IT as a source of distrust and trust
Ironically, information technology, and especially the Internet, is the single biggest reason that traditional roles and institutions of authority are coming under fire. Consider how many of the various scandals of the past decade – Y2K, Enron, dot.com, the financial meltdown, Climategate, etc. – have had an important IT dimension. All of these debacles share roots in rising IT complexity, bursts of over-enthusiasm, and the limits of both expert and mass-market understanding. For example, the Y2K, financial meltdown and Climategate scandals all highlight the challenges created by computer and information complexity. No one really knew how serious the overall Y2K risk was, and even today experts debate whether the whole thing was largely a false alarm or whether the last-minute efforts of many dedicated IT professionals miraculously but anonymously saved the day. (We think it is more the latter, but the public verdict tends to lean the other way.)

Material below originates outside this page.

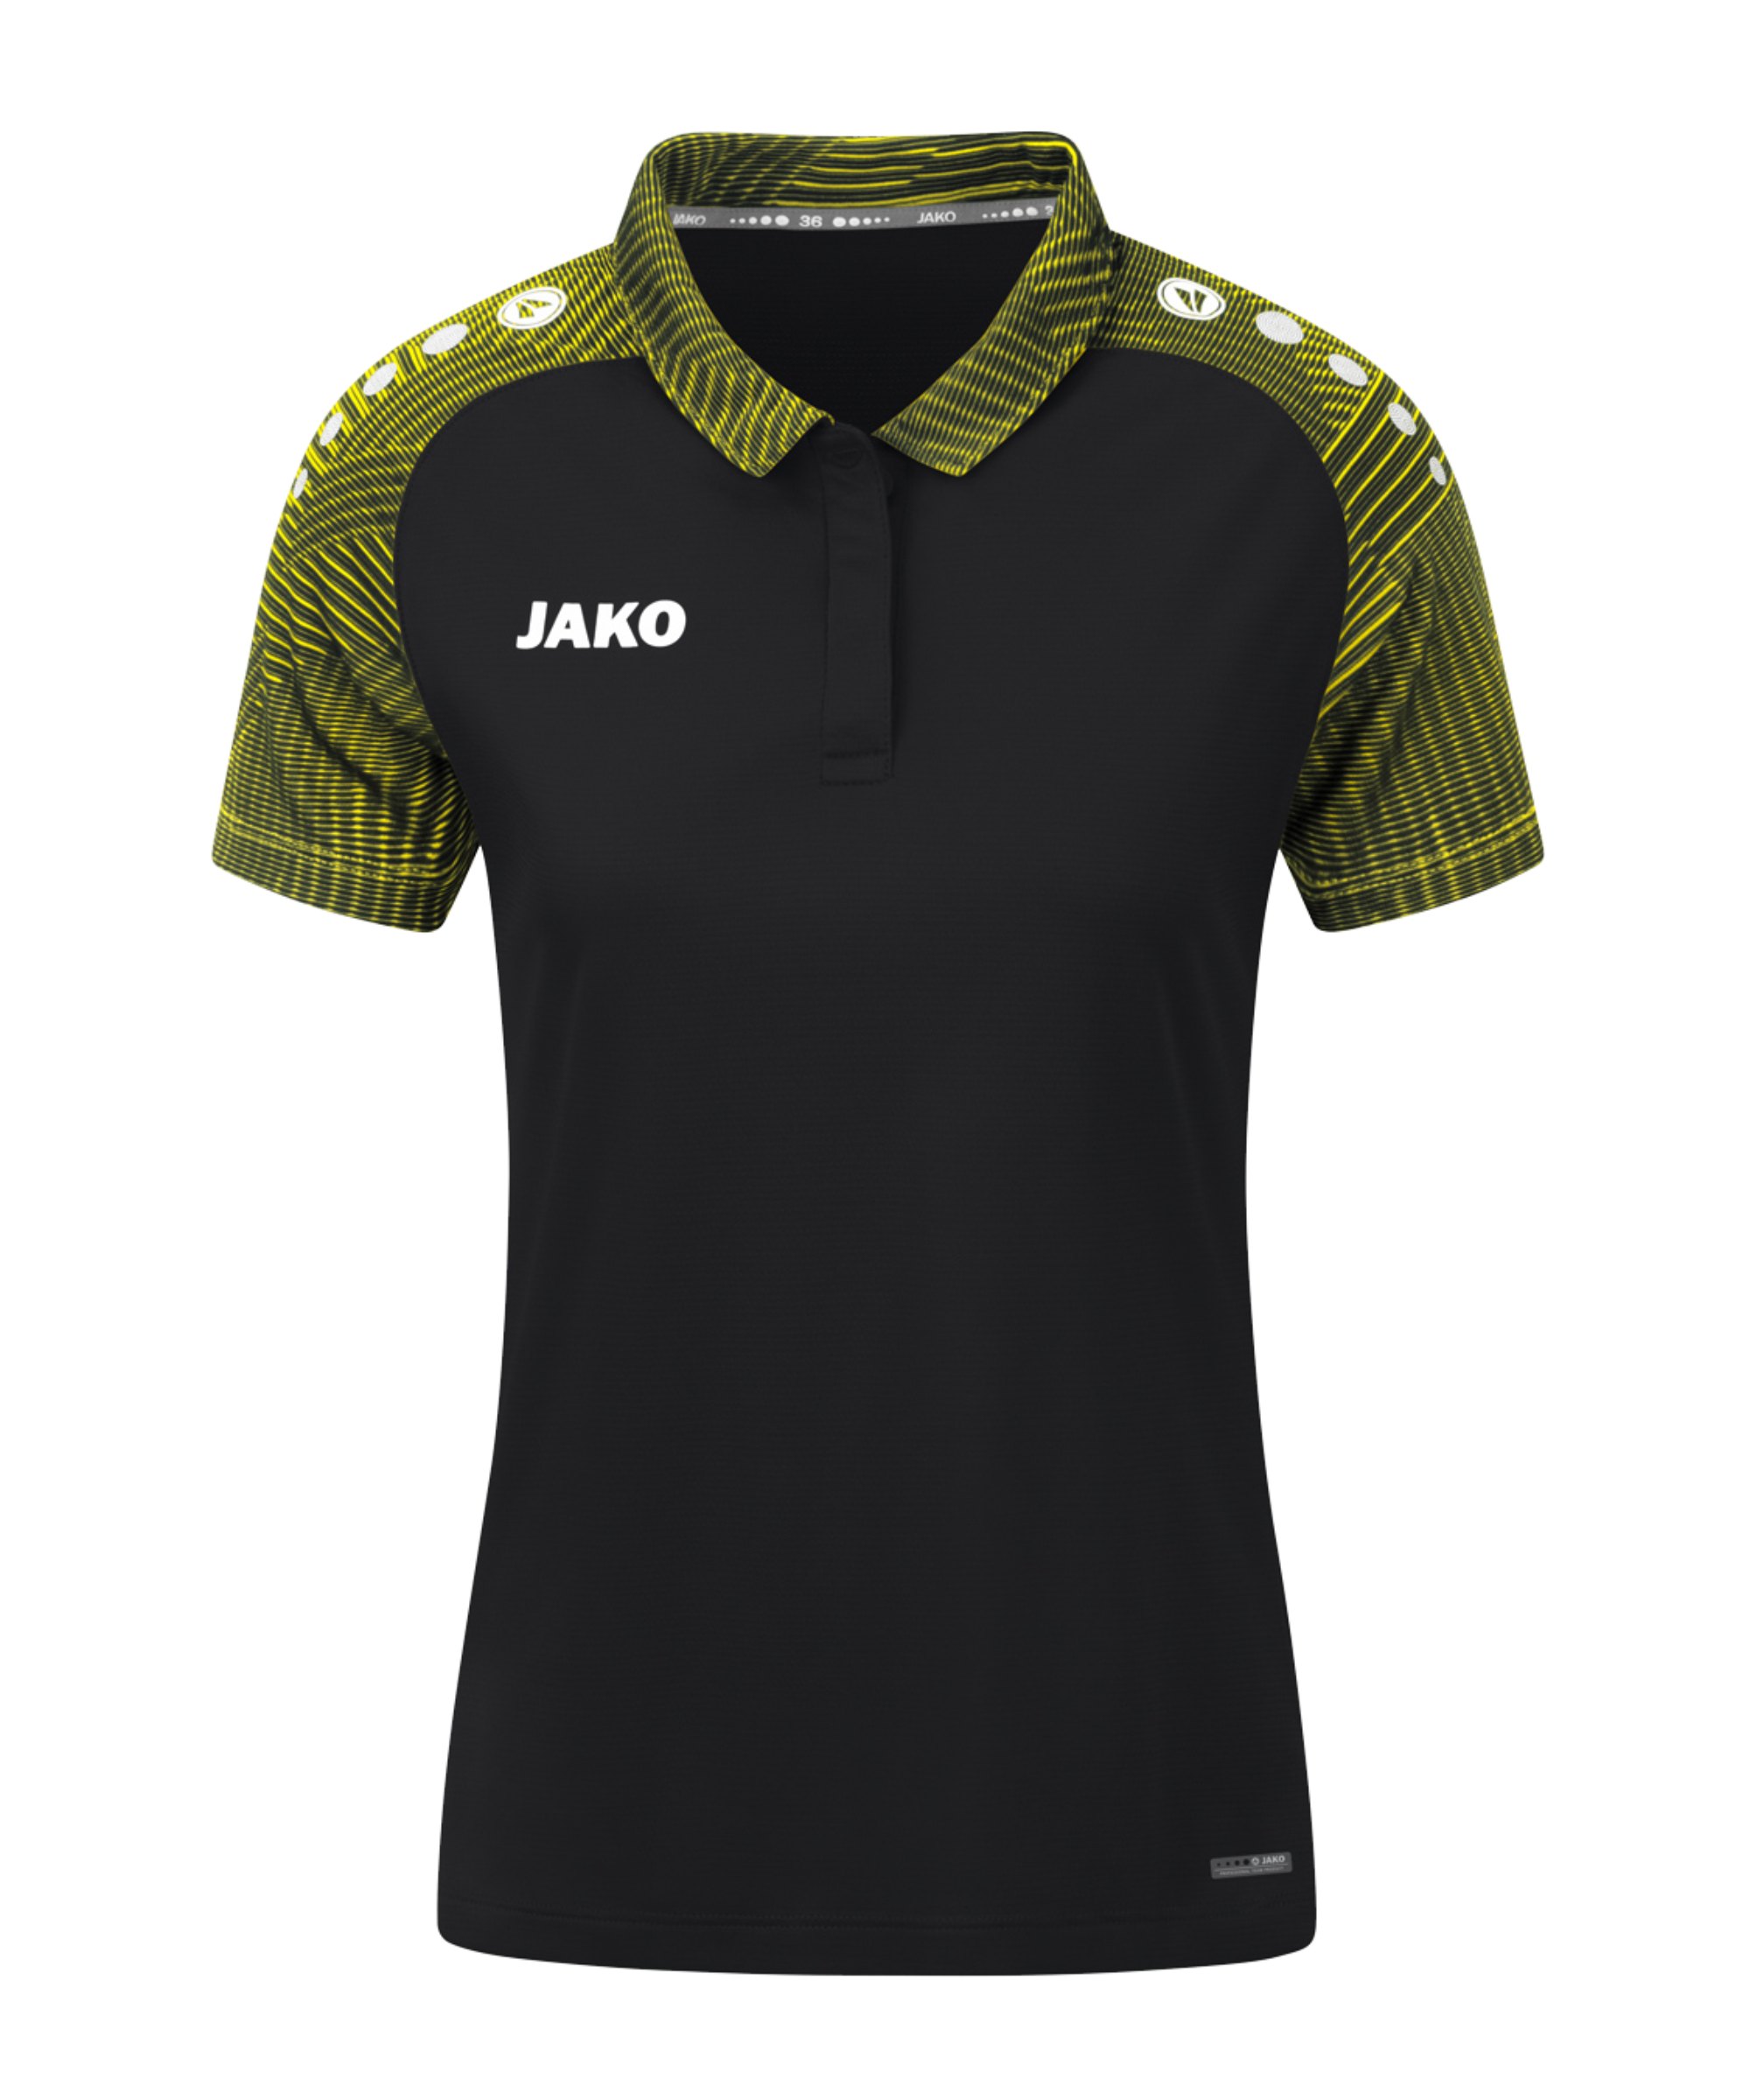 JAKO Performance Poloshirt Damen Schwarz Gelb F808 - schwarz

Similarly, both the financial market meltdown and Climategate stories point to the complexity of large-scale computer models that are not just opaque to outsiders, but often bewildering even to their own developers. For the average citizen, the acceptance of the output of these models must inherently be based on trust. But we have painfully learned that insiders can be easily seduced by their own cleverness and that peer review processes can have their own arcane shortcomings. This makes it easy for even the most diligent experts to become over-invested in their own work, increasing the likelihood that conscious or unconscious biases will make computer models say exactly what their developers want them to say. Imagine the damage to our trust in the scientific community should global warming prove to be the biggest false alarm of all.
Additionally, today’s rising societal scepticism toward institutional expertise is reinforced by the way that the Internet, especially Google and Wikipedia, has levelled the overall information playing field. Today, all of us can instantaneously and freely access much the same information as highly paid doctors, lawyers, government officials and media figures. Thus the knowledge gap between the professional expert and the motivated citizen is narrowing, even as the price/wage gap remains wide or even continues to expand. Under such conditions, it is only natural that traditional patterns of consumer deference will erode, and new sources of trust and authority will emerge.
Today, these patterns can be seen most clearly and disruptively in the traditional news media where committed citizens have proved they can effectively and efficiently challenge the expertise of even the New York Times and the BBC. But similar forces are at work within the IT sector. Consider the way that many of us now turn first to Google for help with whatever routine PC or smart phone support we might need. From my own experience, such free community help sites are typically much faster, more effective and more up-to-date than either internal company help desks or the vast customer support sites maintained by market leaders such as Dell, Microsoft and Apple. In both the media and IT support examples, the advantages of the populist/consumerist model greatly outweigh legitimate concerns in areas such as accuracy, amateurism, and the inevitable self-promotion of some community members. In this sense, consumerization/populism is proving to be an important and emerging source of trust.